The company’s board of directors consists of five members. Its executive committee consists of three members, including the chairman and chief executive officer. Its shareholders are composed of both institutional and individual investors. The company has a market capitalization of $22 billion, and its revenue is proliferating. Its earnings per share are expected to increase significantly over the next few years.

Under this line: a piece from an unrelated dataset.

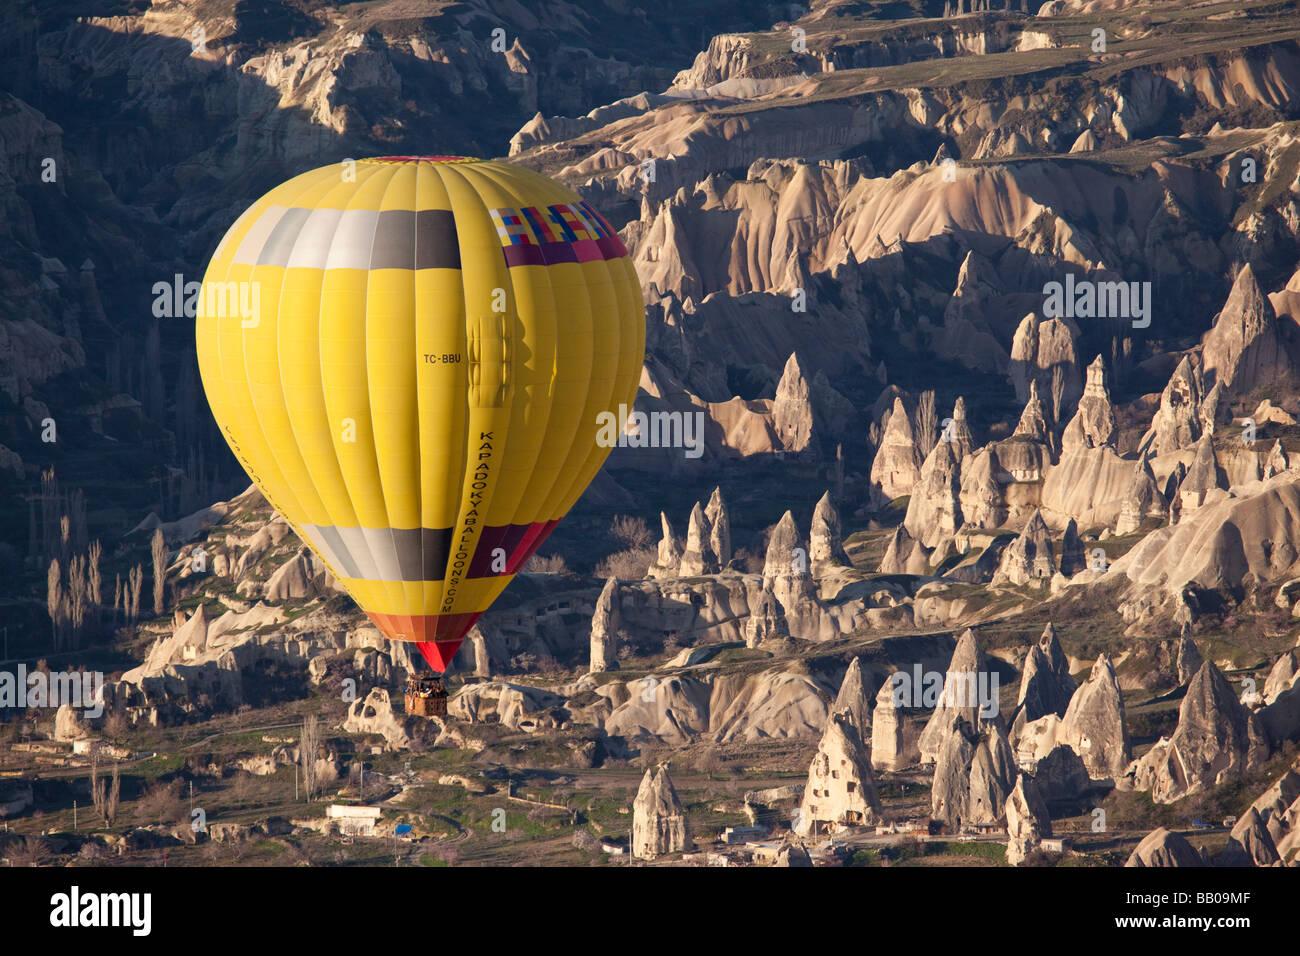 Hot air balloon over the rugged terrain of Cappadocia Turkey - Stock Image

Think and Learn Pvt Ltd is engaged in the educational technology (Edu-tech) segment of the business. It offers teaching aids, content, and tools for students from class 4th to class 12th. It also provides education services for various competitive and entrance examinations such as the Common Admission Test (CAT) and other Master of Business Administrative (MBA) entrance exams, Common Entrance Test (CET) and other engineering entrance exams, Indian Administration Service (IAS) and other civil service examinations, Graduate Record Examination (GRE), and Graduate Management Admission Test (GMAT). The company was incorporated on 30 November 2011. It is registered with the Registrar of Companies – Bangalore.
The company’s directors are Byju Raveendran and Divya Gokulnath. The company has a current market cap of US$22.3 billion. The company has increased in recent years and has become a popular choice among investors. However, the slow economy may affect the company’s revenue in the future.
Recently, Byju’s has been under scrutiny after the company missed a $40 million interest payment. The company has now completed a long-awaited audit of all its group units and is expected to incorporate the results into its consolidated financials this week.
It has also announced that it will acquire American edtech firm 2U for US$2.4 billion. The deal is expected to boost Byju’s global presence and expand its leadership team. In addition, the acquisition will help the company to diversify its product portfolio and strengthen its revenue base.
The company is also looking at potential acquisitions of a number of other online education businesses. These deals will help it expand its reach across the country and improve its operational efficiency. The company is a popular choice for investors due to its solid financials and growing revenues.
Investors should keep a close eye on the company’s earnings reports, as these will have an impact on the share price. If the company fails to meet expectations, the stock price will likely decline. However, if the company delivers better-than-expected earnings, its shares could rise significantly.